Here is an example of a full helloworld project.

It is also helpful to consult the GitLab CI yaml reference documentation and the predefined pipeline variables reference.

Tutorial Hello World

In this example we are using the containerized hello world repository. This is a sample Hello World CMake project. The application only echos Hello from $HOSTNAME, but this should demonstrate the idea of how to run a program on multiple nodes. The pipeline instructions are inside the file ci/cscs.yml. Let's walk through the pipeline bit by bit.

include:
  - remote: 'https://gitlab.com/cscs-ci/recipes/-/raw/master/templates/v2/.ci-ext.yml'

This block includes a yaml file which contains definitions with default values to build and run containers. Have a look inside this file to see available building blocks.

stages:
  - build
  - test

Here we define two different stages, named build and test. The names can be chosen freely.

variables:
  PERSIST_IMAGE_NAME: $CSCS_REGISTRY_PATH/helloworld:$CI_COMMIT_SHORT_SHA

This block defines variables that will apply to all jobs. See CI variables.

build_job:
  stage: build
  extends: .container-builder-cscs-zen2
  variables:
    DOCKERFILE: ci/docker/Dockerfile.build

This adds a job named build_job to the stage build. This runner expects a Dockerfile as input, which is specified in the variable DOCKERFILE. The resulting container name is specified with the variable PERSIST_IMAGE_NAME, which has been defined already above, therefore it does not need to be explicitly mentioned in the variables block, again. There is further documentation of this runner at gitlab-runner-k8s-container-builder

test_job:
  stage: test
  extends: .container-runner-eiger-mc
  image: $PERSIST_IMAGE_NAME
  script:
    - /opt/helloworld/bin/hello
  variables:
    SLURM_JOB_NUM_NODES: 2
    SLURM_NTASKS: 2

This block defines a test job. The job will be executed by the daint-container-runner. This runner will pull the image on the vCluster Piz Daint and run the commands as specified in the script tag. In this example we are requesting 2 nodes with 1 task on each node, i.e. 2 tasks total. All Slurm environment variables are supported. The commands will be running inside the container specified by the image tag. The runner is hosted here and supports several other variables.

Containerized CI at CSCS

Enable CI for your project

While the procedure to enable CSCS CI for your repository consists of only a few outlined below, many of them require features in GitHub, GitLab or Bitbucket. The links in the text contain additional steps which may be needed. Some of those documents are non-trivial, especially if you do not have considerable background in the repository features. Plan sufficient time for the setup and contact a GitHub/GitLab/Bitbucket professional, if needed.

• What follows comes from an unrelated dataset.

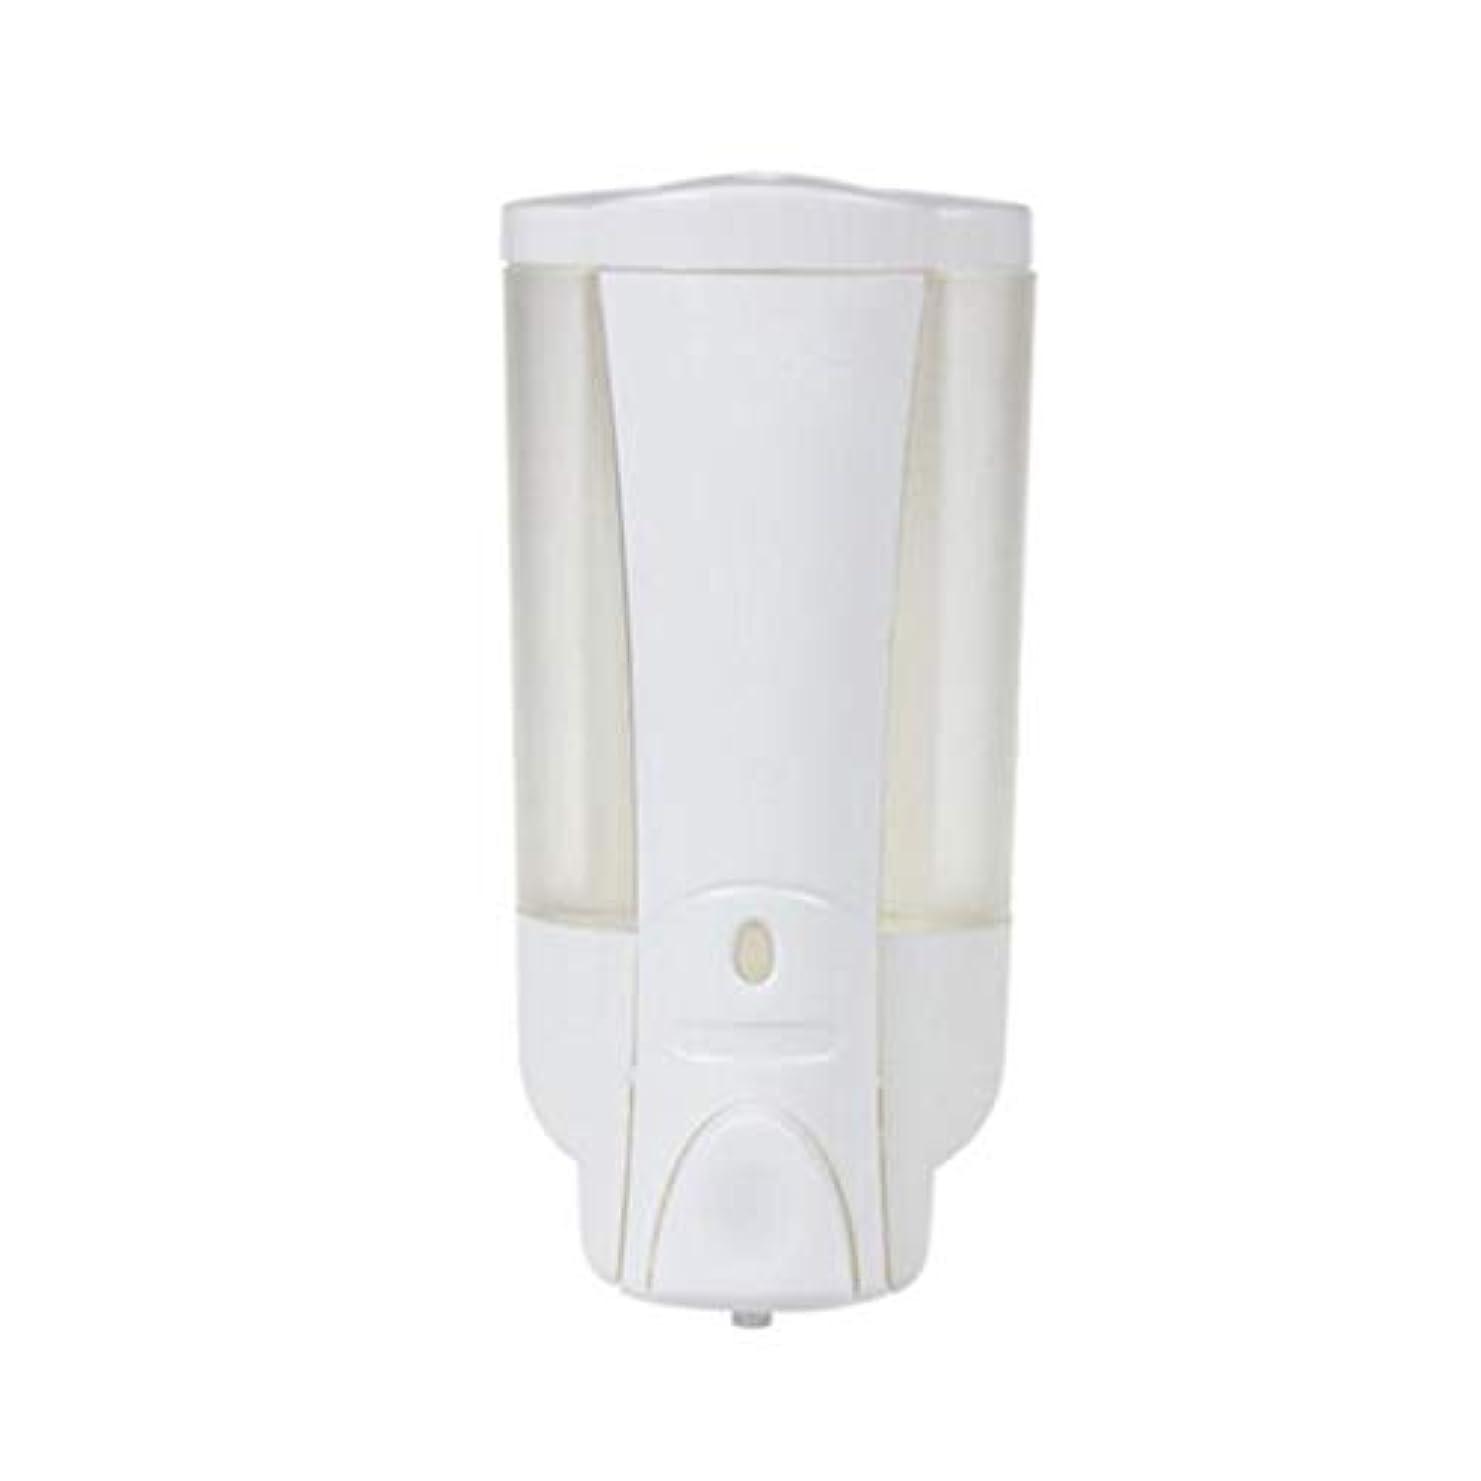 説得名門アジャKylinssh 泡立つ石鹸ディスペンサー450ml容量、石鹸、DIY液体石鹸、皿石鹸、ボディウォッシュなどに使用するための空のプラスチック液体石鹸ポンプボトル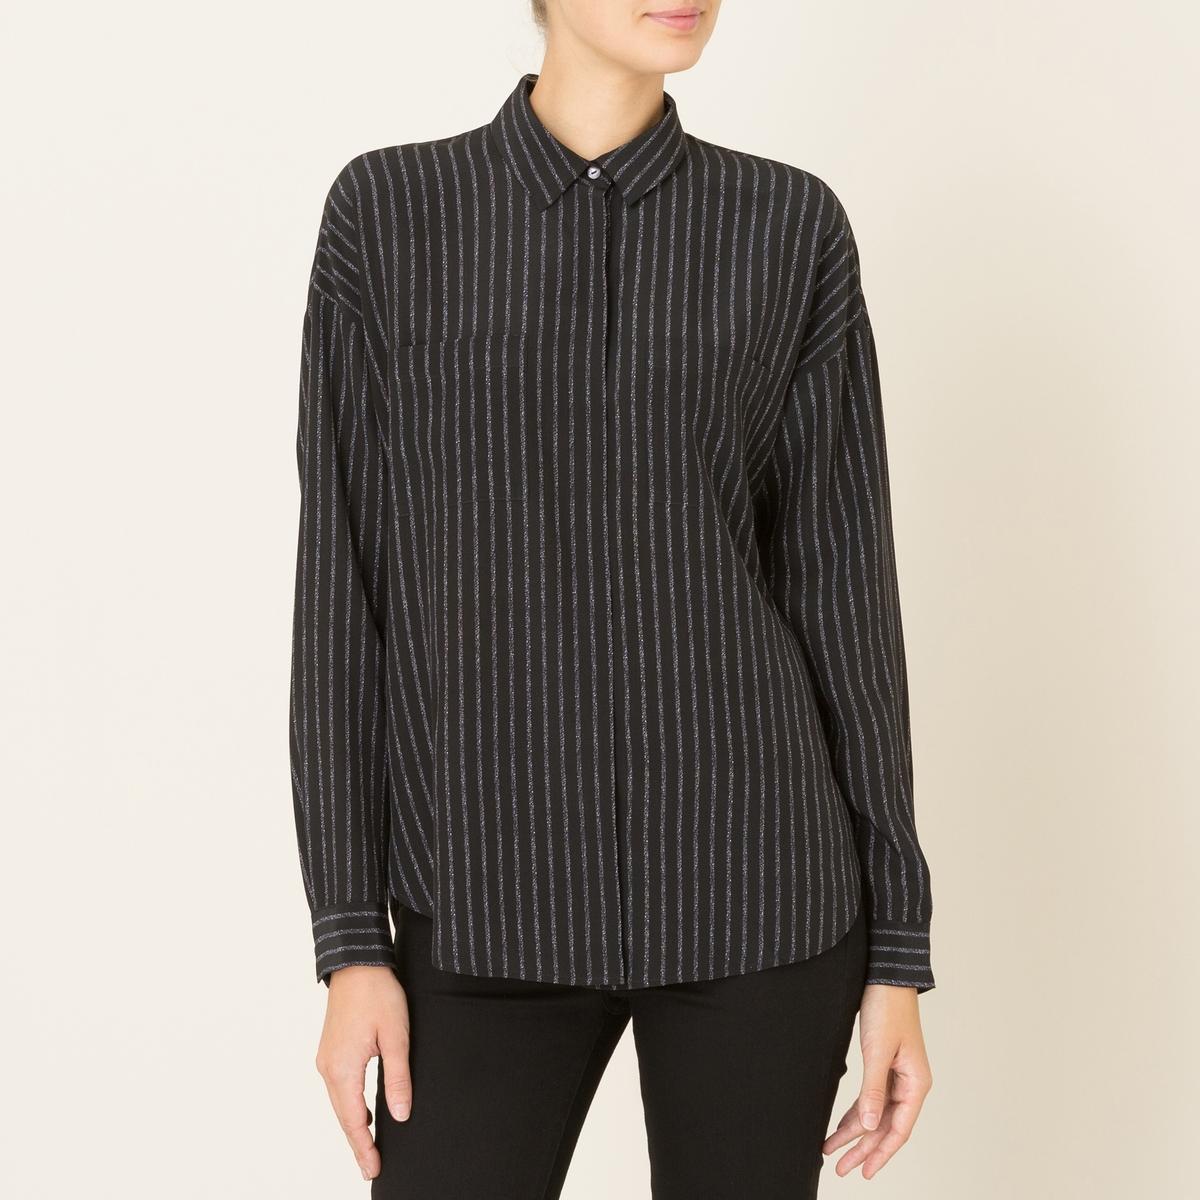 Рубашка женская из шелкаСостав &amp; ДеталиМатериал : 100% шелкМарка : THE KOOPLES<br><br>Цвет: черный<br>Размер: L

Register your project with CSCS: The first step to use containerized CI/CD is to register your Git repository with CSCS. Please open an Service Desk ticket for this step. Once your project has been registered you will be provided with a webhook-secret.
Set up CI: Head to the CI overview page, login with your CSCS credentials, and go to the newly registered project.
Add FirecREST tokens: Open the Admin config, and follow the guide (click on the small black triangle next to Firecrest client ID). Enter all fields for FirecREST, i.e., client-id, client-secret and default Slurm account for job submission.
(Optional) Private project: If your Git repository is a private repository make sure to check the Private repository box and follow the instructions to add an SSH key to your Git repository.
Add notification token: On the setup page you will also find the field Notification token. The token is live tested, and you will see a green checkmark when the token is valid and can be used by the CI. It is mandatory to add a token so that your Git repository will be notified about the status of the build jobs. You cannot save anything as long as the notification token is invalid. (Click on the small triangle to get further instructions)
Add webhook: On the setup page you will find the Setup webhook details button. If you click on it you will see all the entries which have to be added to a new webhook in your Git repository. Follow the link given there to your repository, and add the webhook with the given entries.
Default trusted users and default CI-enabled branches: Provide the default list of trusted users and CI-enabled branches. The global configuration will apply to all pipelines that do not overwrite it explicitly.
Pipeline default: Your first pipeline has the name default. Click on Pipeline default to see the pipeline setup details. The name can be chosen freely but it cannot contain whitespaces (a short descriptive name). Update the entry point, trusted users and CI-enabled branches.
Submit your changes
(Optional) Add other pipelines: Add other pipelines with a different entry point if you need more pipelines.
Add entry point yaml files to Git repository: Commit the yaml entry point files to your repository. You should get notifications about the build status in your repository if everything is correct. See the Hello World Tutorial for a simple yaml-file.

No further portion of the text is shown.